Great pictures AK, and a very good looking fish...


----------



## philbert (Mar 8, 2007)

that close up is great


----------



## AKSkirmish (Jun 24, 2005)

Appreciated guys...


----------



## gtc (Nov 5, 2008)

Nice!!


----------



## AKSkirmish (Jun 24, 2005)

Thanks


----------



## massabsamurai (Mar 12, 2009)

you got some great talent and special skills! Awesome pics AK. keep it up


----------



## AKSkirmish (Jun 24, 2005)

Appreciated greatly....

I'll be posting more later this week


----------



## hyphen (Apr 4, 2004)

you've got some big boys. i'd like to see a tank shot some time.


----------



## No0dles (Dec 16, 2003)

hyphen said:


> you've got some big boys. i'd like to see a tank shot some time.

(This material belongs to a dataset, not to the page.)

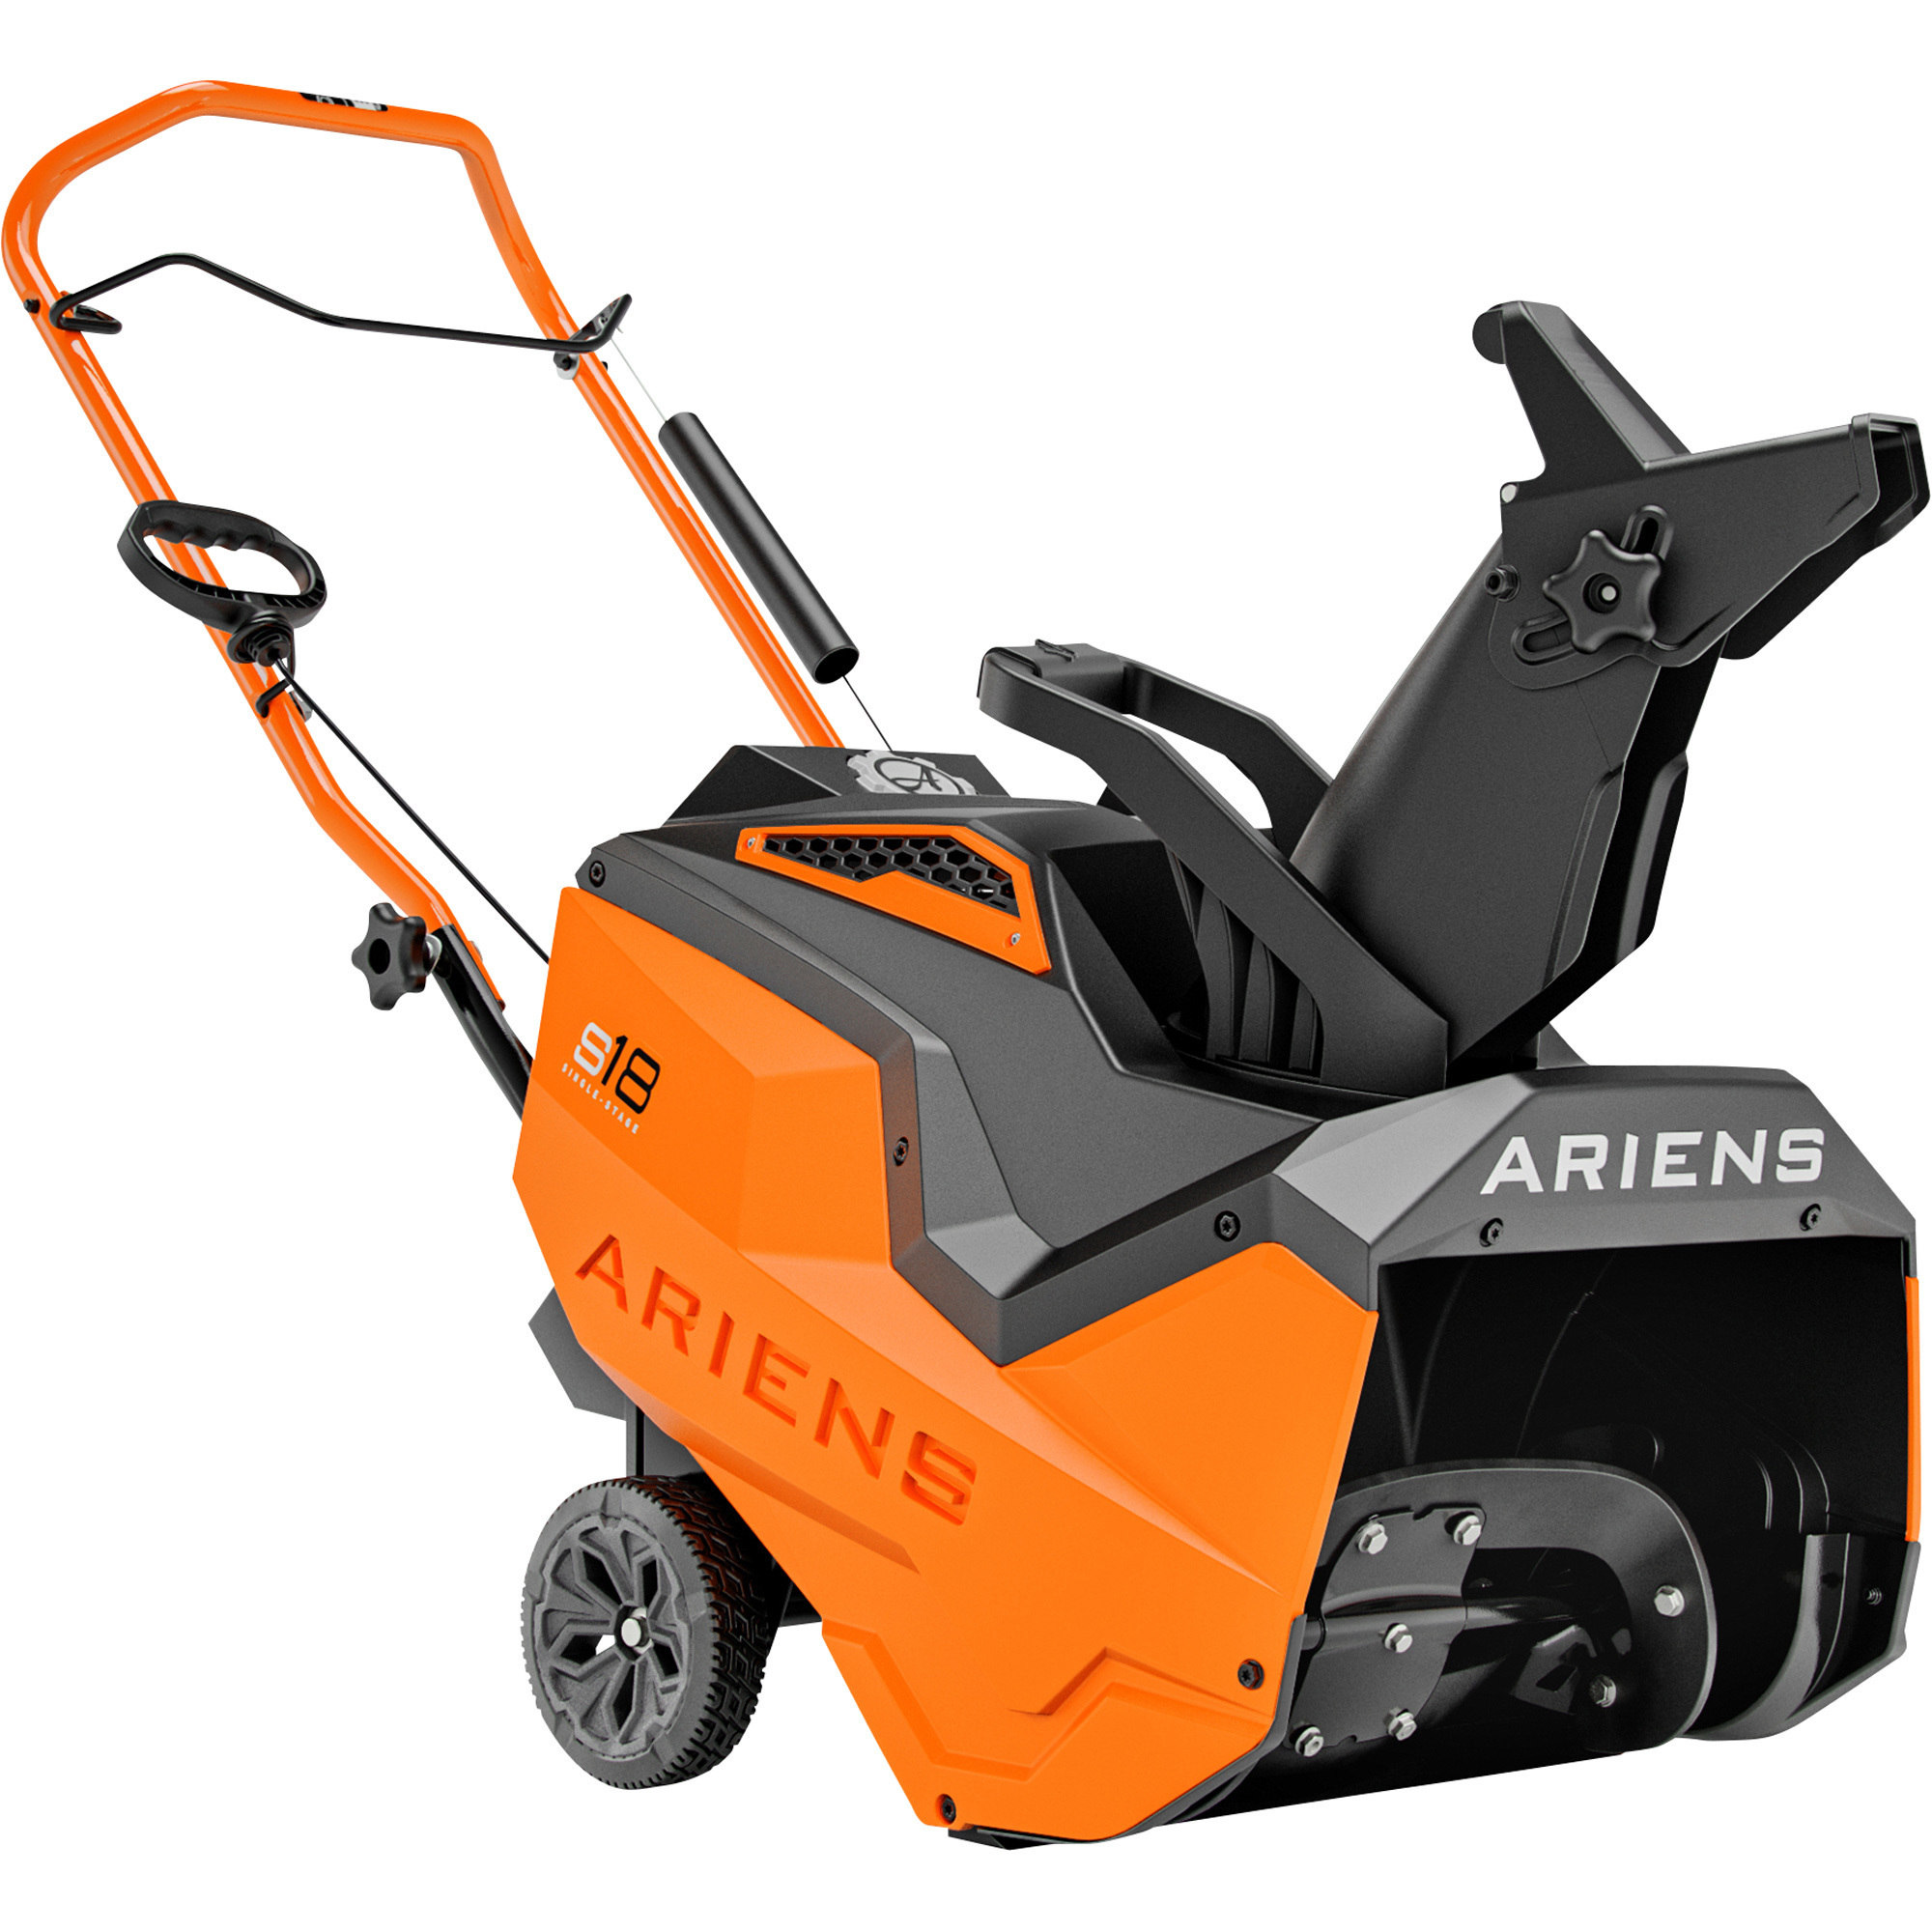 Ariens S18 Single-Stage Snow Blower with Electric Start, 18Inch, 99cc, Model 938027

yeah, you got some nice fish and all big and healthy lookin


----------



## AKSkirmish (Jun 24, 2005)

hyphen said:


> you've got some big boys. i'd like to see a tank shot some time.

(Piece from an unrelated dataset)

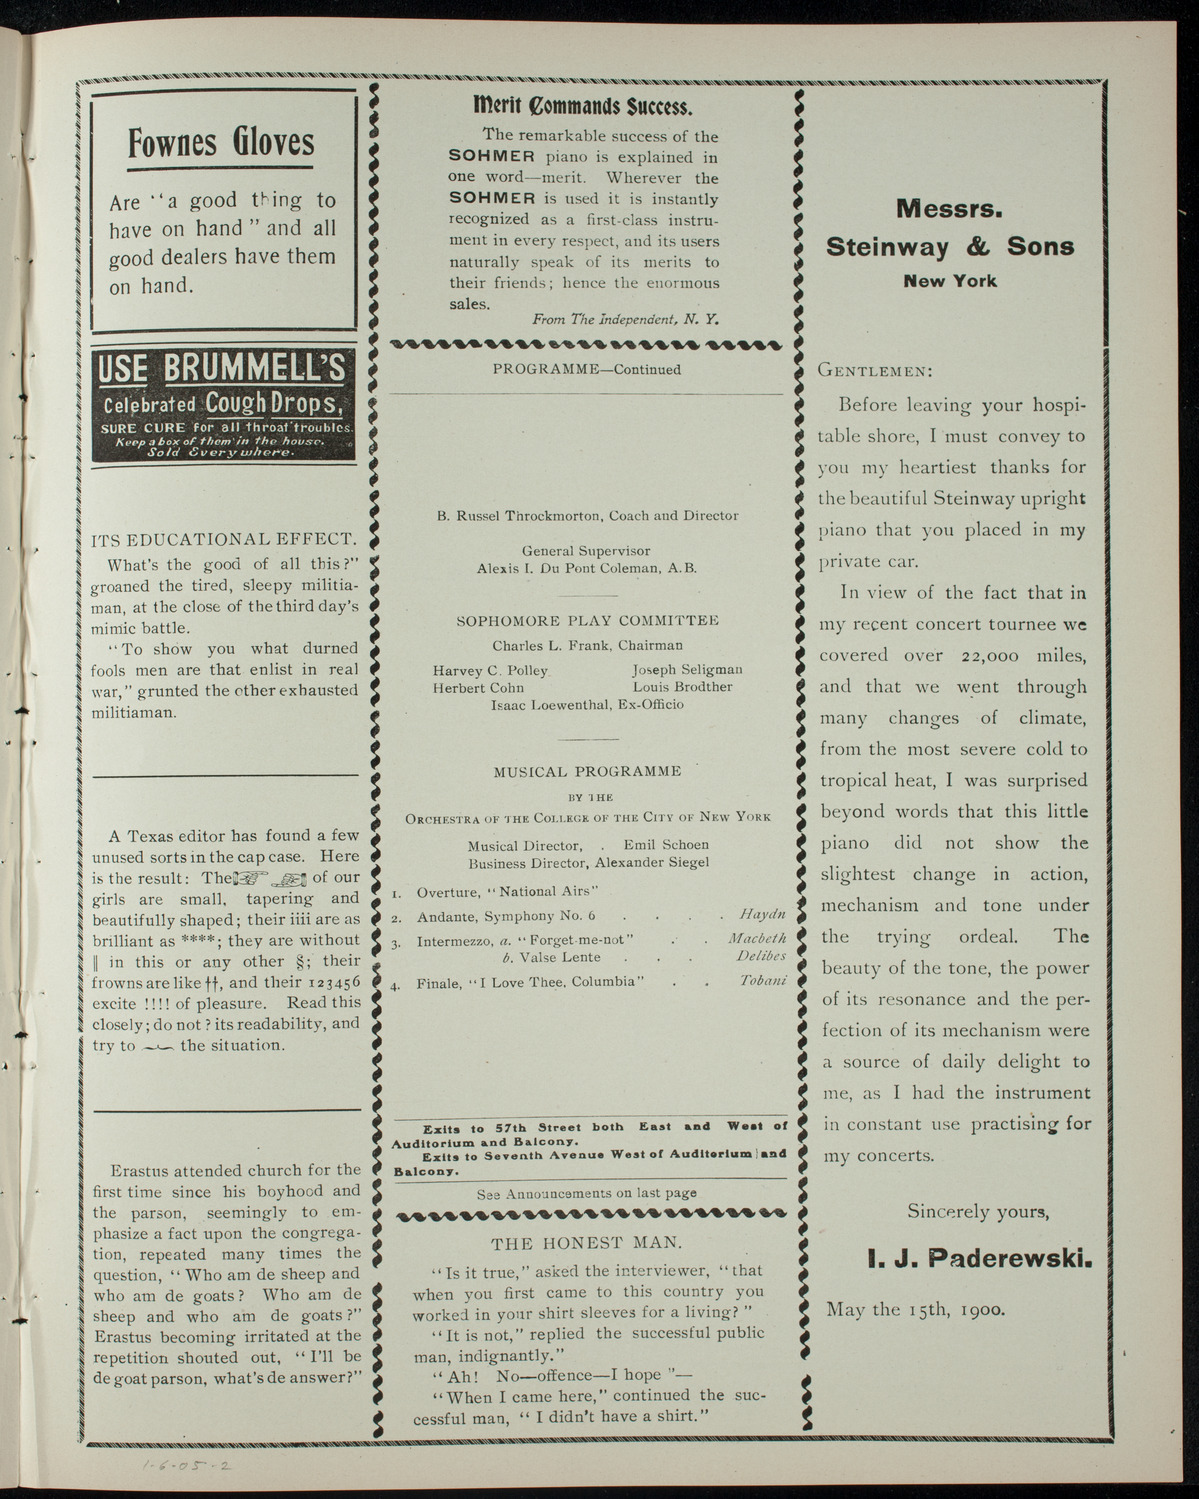 College of the City of New York Sophomore Play, January 6, 1905, program page 3

yeah, you got some nice fish and all big and healthy lookin








[/quote]

Thanks-

I got a beautiful reef tank as well that I keep

I have gotten rid of most of my fish as of late though-Broke down almost all my tank and will be down to only two tanks-My 500 gal and my 72 bowfront reet tank...


----------



## hyphen (Apr 4, 2004)

yeah, you DEFINITELY need a tank shot.


----------



## AKSkirmish (Jun 24, 2005)

hyphen said:


> yeah, you DEFINITELY need a tank shot.


Soon-
Should be pretty impressive....Hopefully...Gotta work on a nice decor scheme for it pretty soon.

Then I shall prep the tank for pics and get some proper ones posted of it....


----------



## No0dles (Dec 16, 2003)

WOW i'm impressed, i cant wait to see it!


----------



## DiPpY eGgS (Mar 6, 2005)

Great shots AK,
I just gotta get me one of those flashes!
Mind sharing the model, it's name, and what it costs? 
PM if not comfy in here


----------



## AKSkirmish (Jun 24, 2005)

DiPpY eGgS said:


> WOW i'm impressed, i cant wait to see it!


Thanks-
It should be a sight to see when I'm done with it all......Big fish and nice specimens.......I dont too bad when it comes from picking stock from a LFS....


----------



## DiPpY eGgS (Mar 6, 2005)

That info is key. Thanks AK!
Boy, I hope the prices have dropped LOL

*getting a notepad...


----------



## AKSkirmish (Jun 24, 2005)

DiPpY eGgS said:


> That info is key. Thanks AK!
> Boy, I hope the prices have dropped LOL
> 
> *getting a notepad...


If you dont have good photo/camera place near you-
Always remember B&H photo-great place with great prices...Prices have dropped alot since a bunch of newer stuff has came out since then...

Always glad to share the little knowledge I do have Dippy...


----------